(ASSIGNMENT): Below are records with pictures in them. Transcribe everything from the line containing "Growing Ornamental Grasses" down to the line containing "Sealey Viking Low", exactly, and leave the pictures behind.

··· RECORDS PROVIDED ···

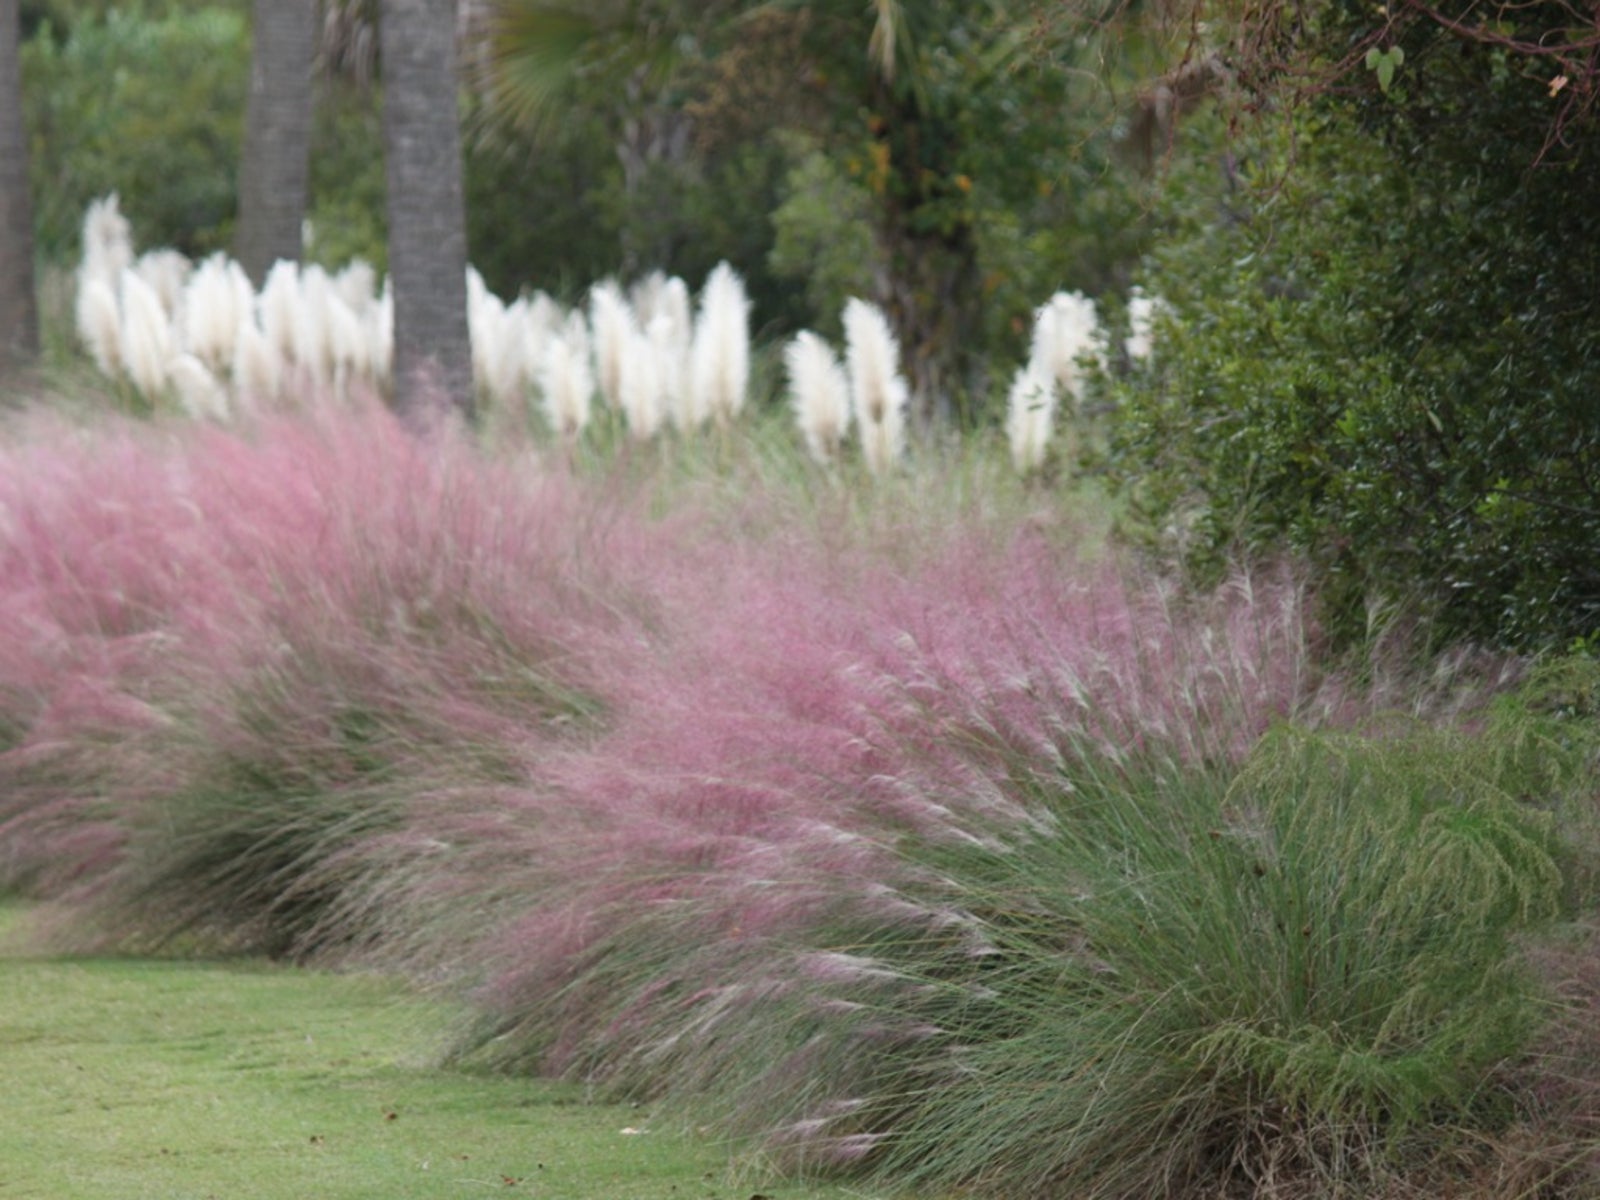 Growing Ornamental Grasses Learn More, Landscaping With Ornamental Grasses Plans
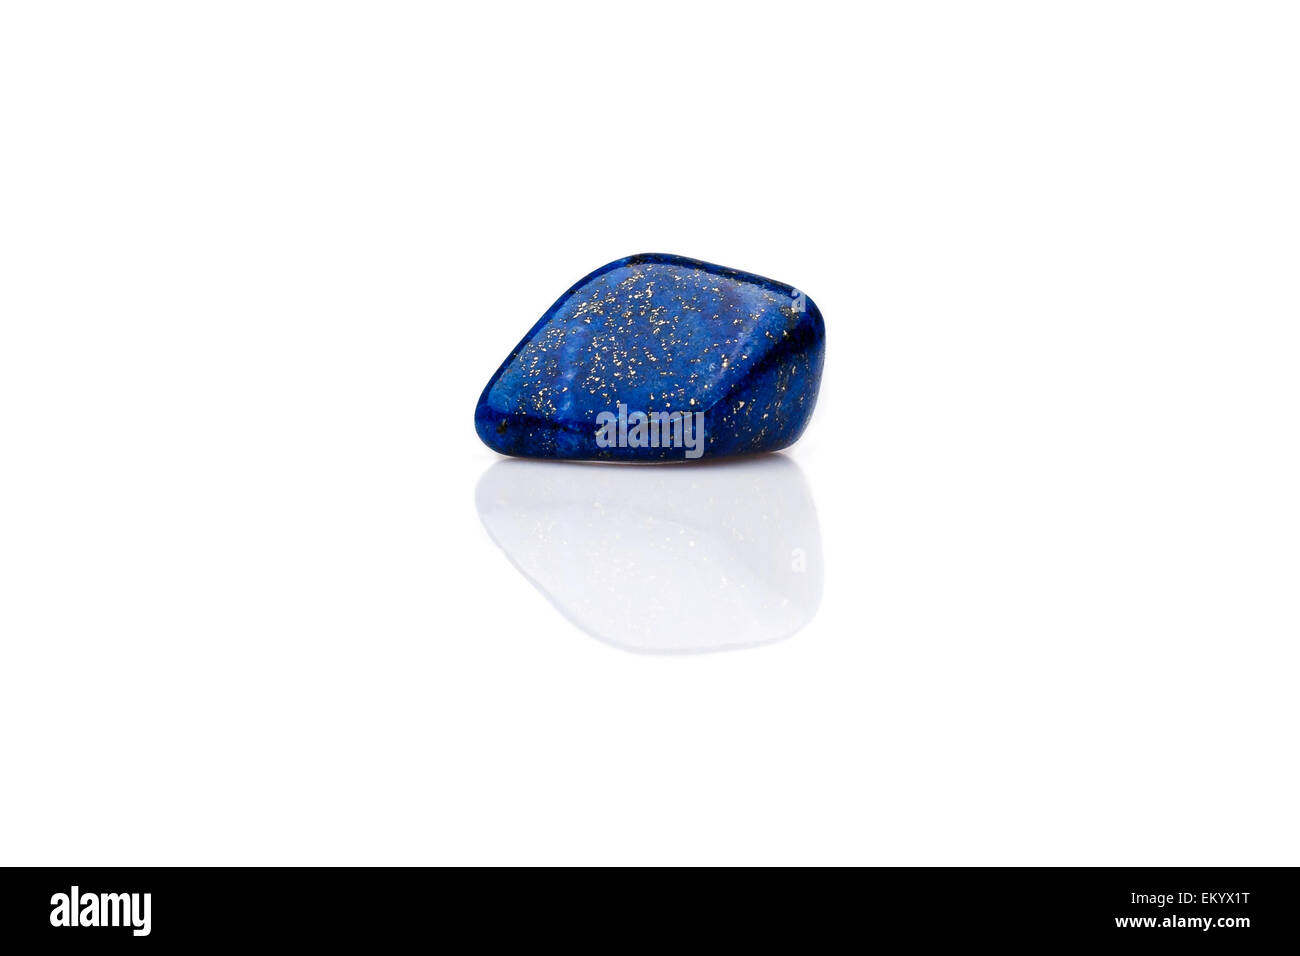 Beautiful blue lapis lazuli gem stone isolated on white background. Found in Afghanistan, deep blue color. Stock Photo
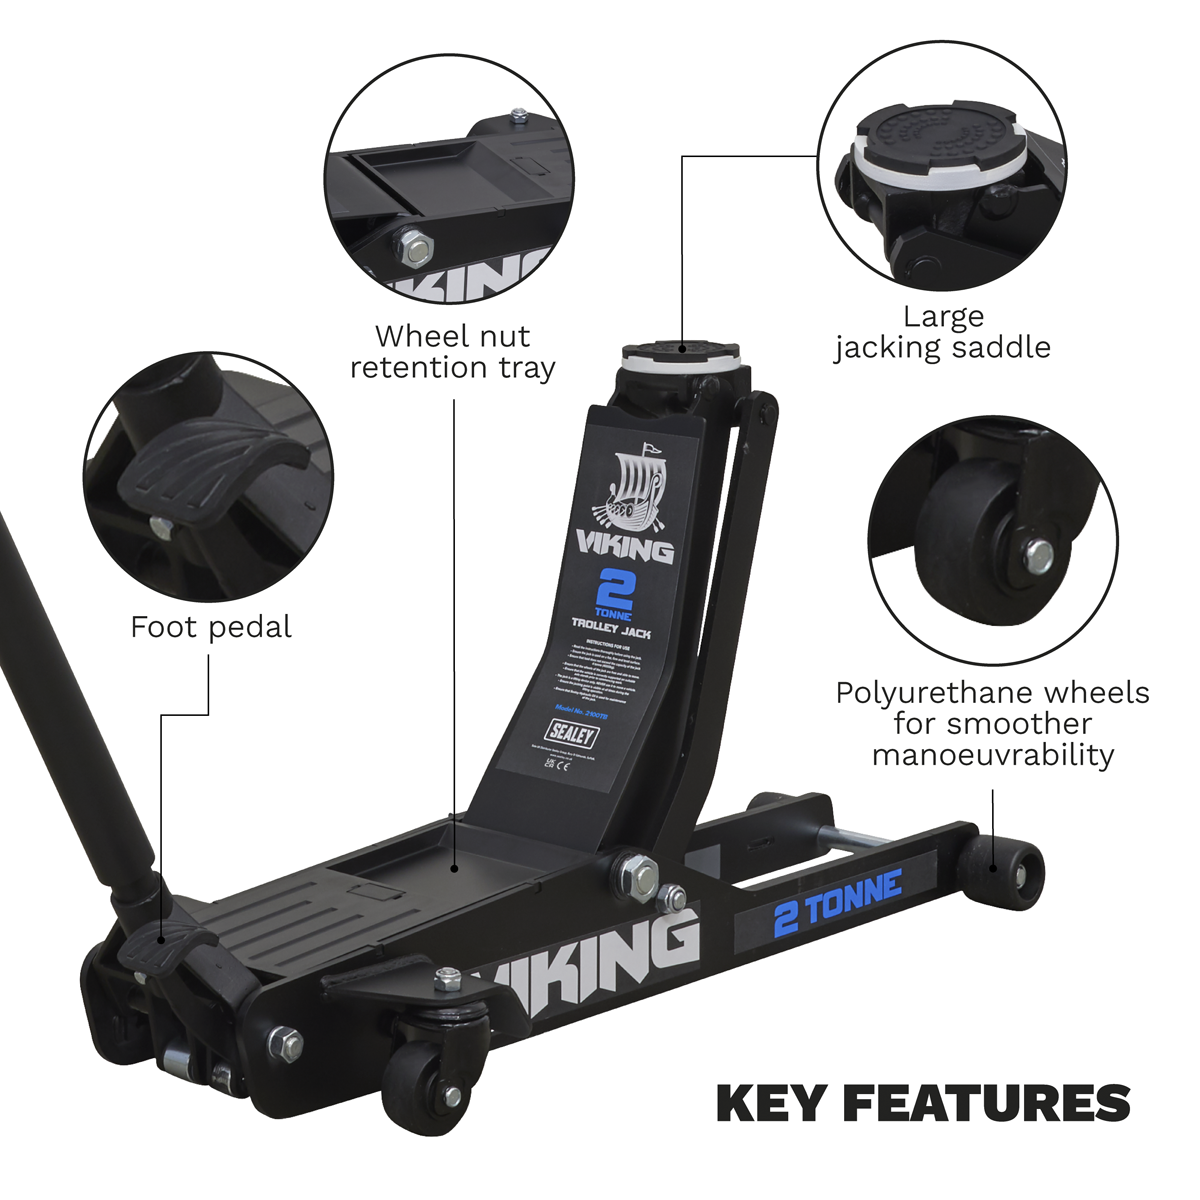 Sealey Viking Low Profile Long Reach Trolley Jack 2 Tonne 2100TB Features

···
··· RECORDS PROVIDED ···

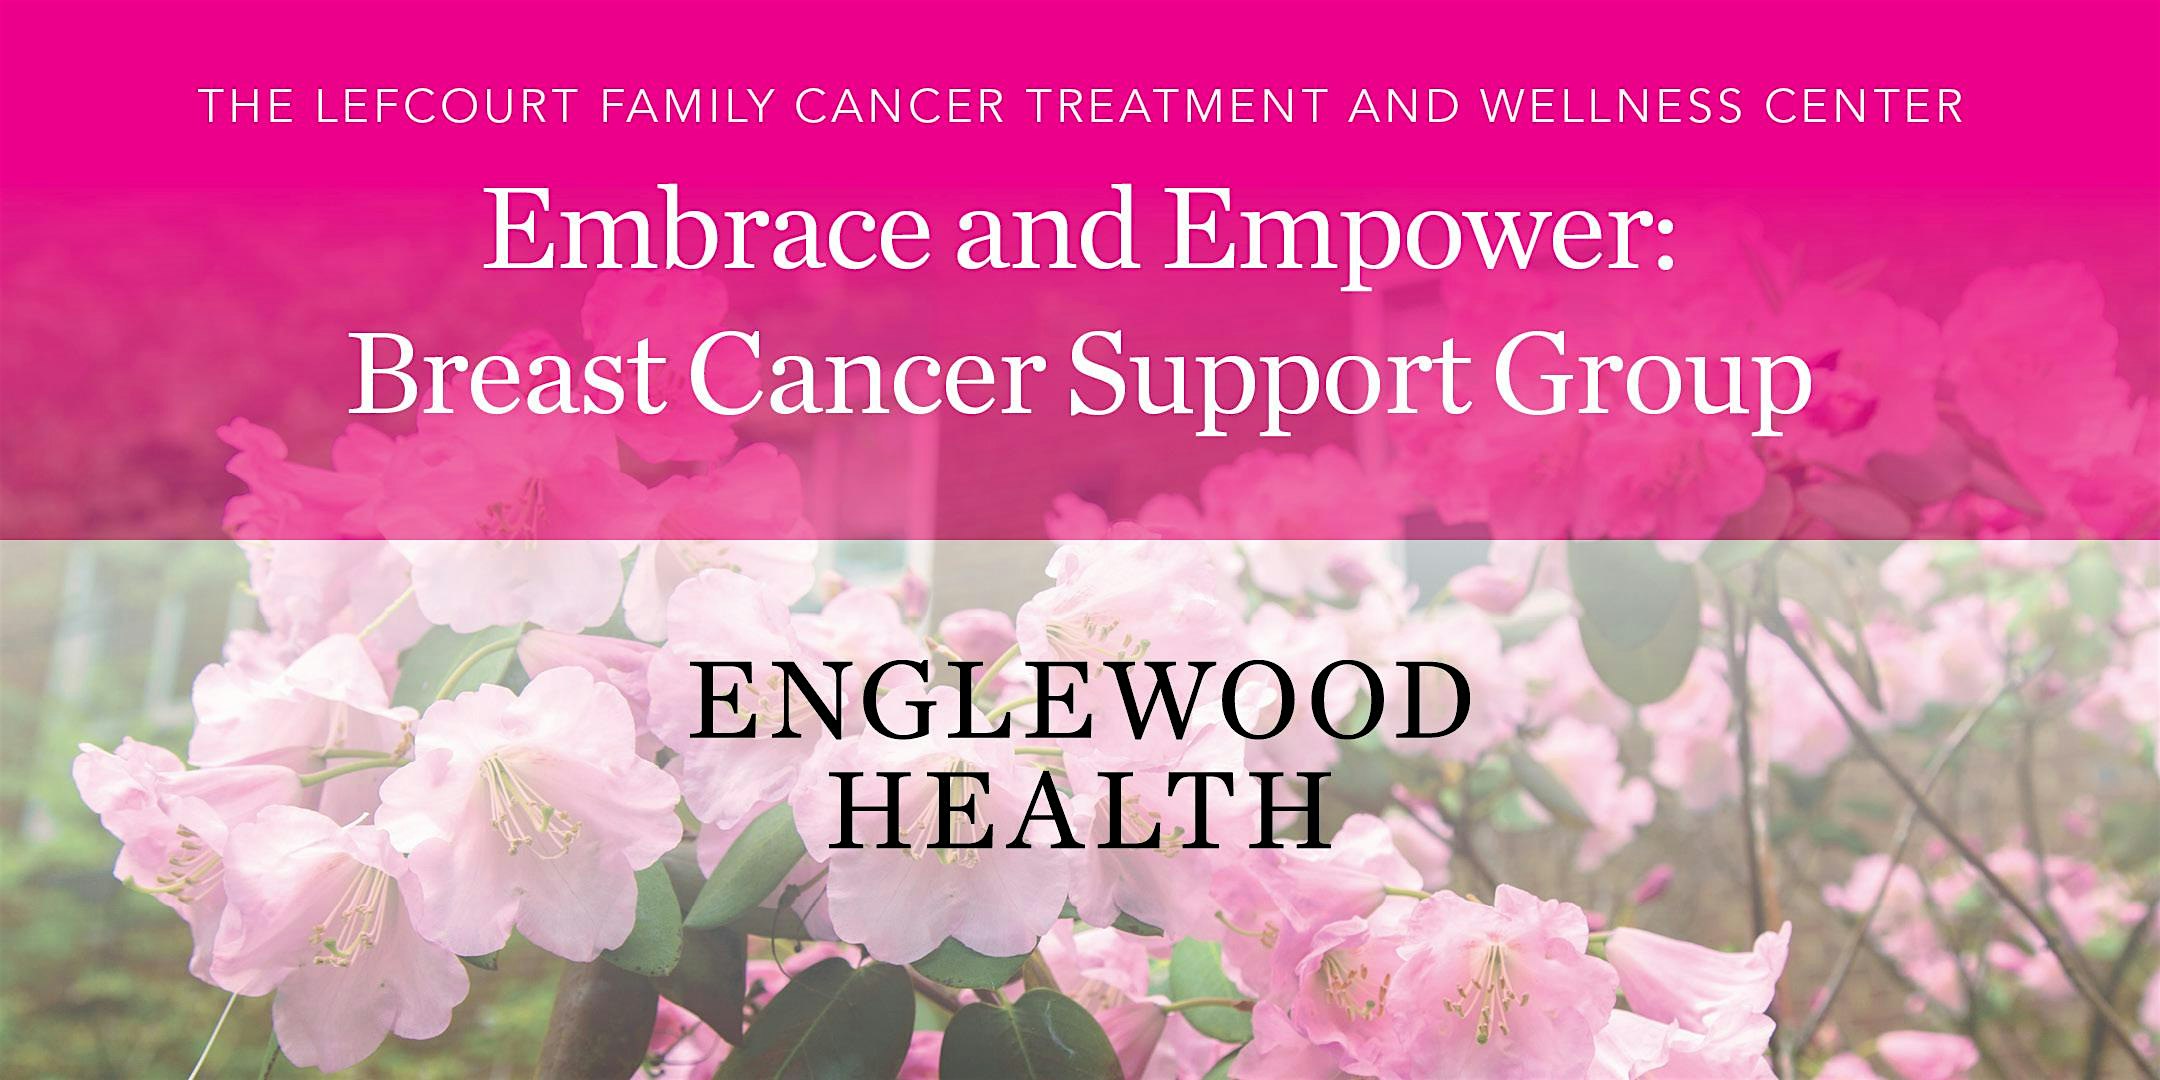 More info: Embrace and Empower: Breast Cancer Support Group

···
··· RECORDS PROVIDED ···

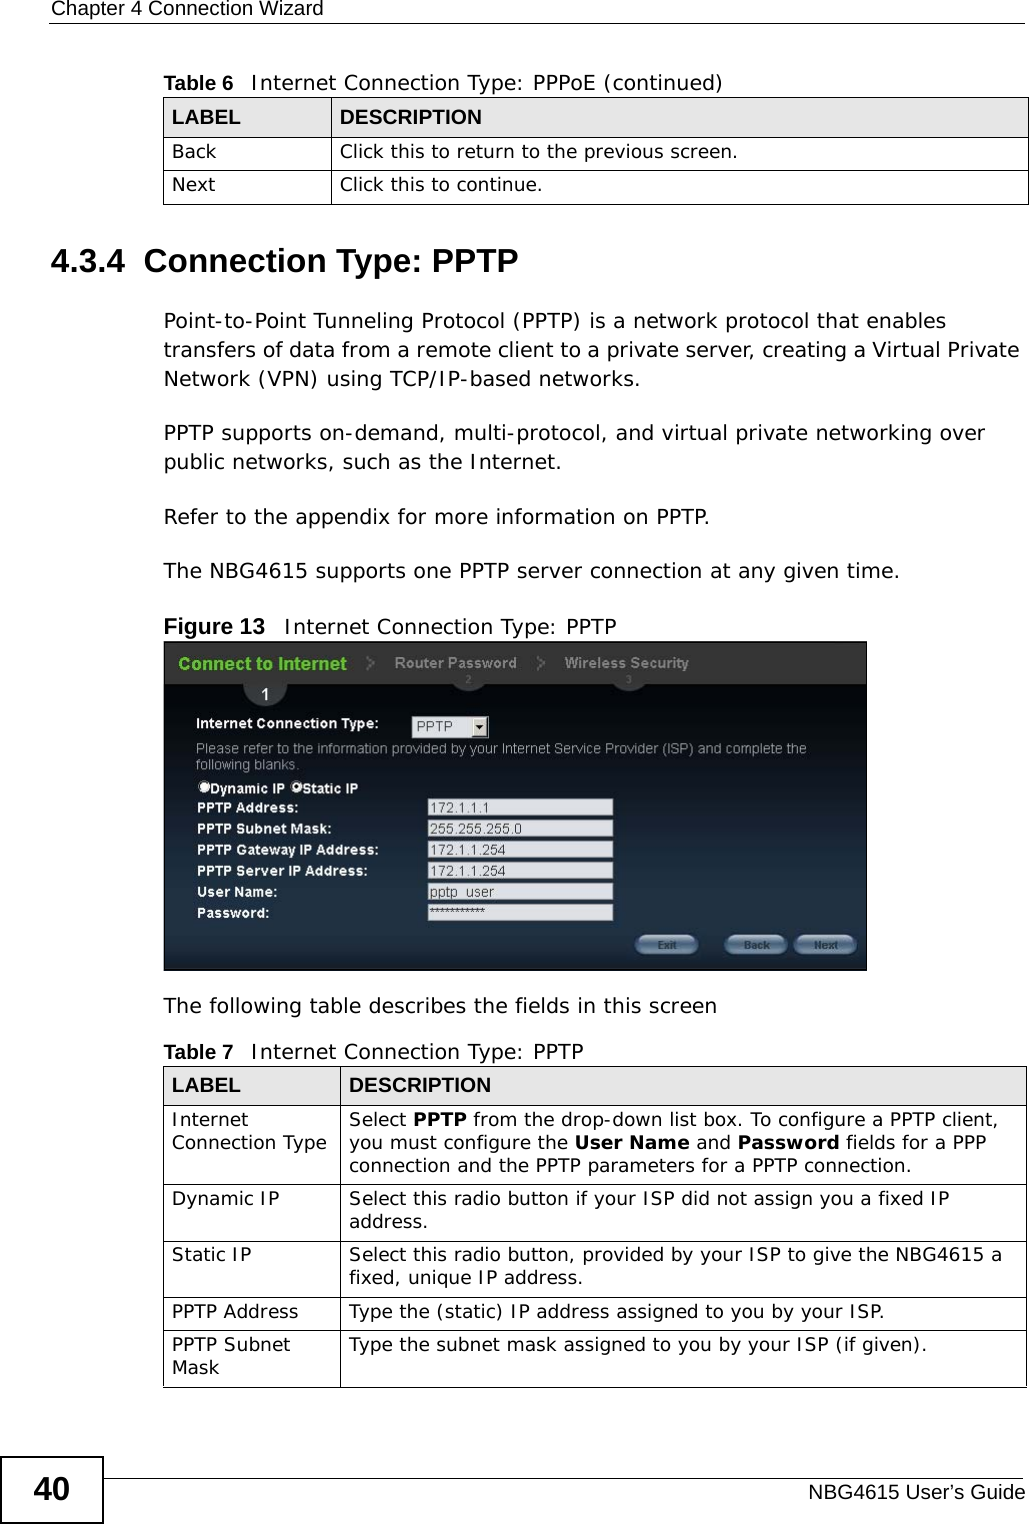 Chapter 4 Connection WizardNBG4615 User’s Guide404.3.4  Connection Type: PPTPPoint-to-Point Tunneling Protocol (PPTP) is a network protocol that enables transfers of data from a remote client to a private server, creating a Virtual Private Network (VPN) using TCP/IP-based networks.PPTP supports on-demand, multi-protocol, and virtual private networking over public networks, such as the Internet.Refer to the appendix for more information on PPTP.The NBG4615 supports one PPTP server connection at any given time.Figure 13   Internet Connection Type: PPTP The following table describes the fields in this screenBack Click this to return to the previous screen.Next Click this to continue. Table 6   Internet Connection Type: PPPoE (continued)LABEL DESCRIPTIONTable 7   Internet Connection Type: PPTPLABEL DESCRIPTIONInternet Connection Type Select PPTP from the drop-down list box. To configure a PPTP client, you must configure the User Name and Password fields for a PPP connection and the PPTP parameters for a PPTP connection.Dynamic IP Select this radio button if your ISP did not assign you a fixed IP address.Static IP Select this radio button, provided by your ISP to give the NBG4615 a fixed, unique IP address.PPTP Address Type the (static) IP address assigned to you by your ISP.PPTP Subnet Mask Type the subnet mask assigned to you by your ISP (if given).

···

(WRITTEN RESPONSE):
 Growing Ornamental Grasses Learn More, Landscaping With Ornamental Grasses Plans
 Beautiful blue lapis lazuli gem stone isolated on white background. Found in Afghanistan, deep blue color. Stock Photo
 Sealey Viking Low Profile Long Reach Trolley Jack 2 Tonne 2100TB Features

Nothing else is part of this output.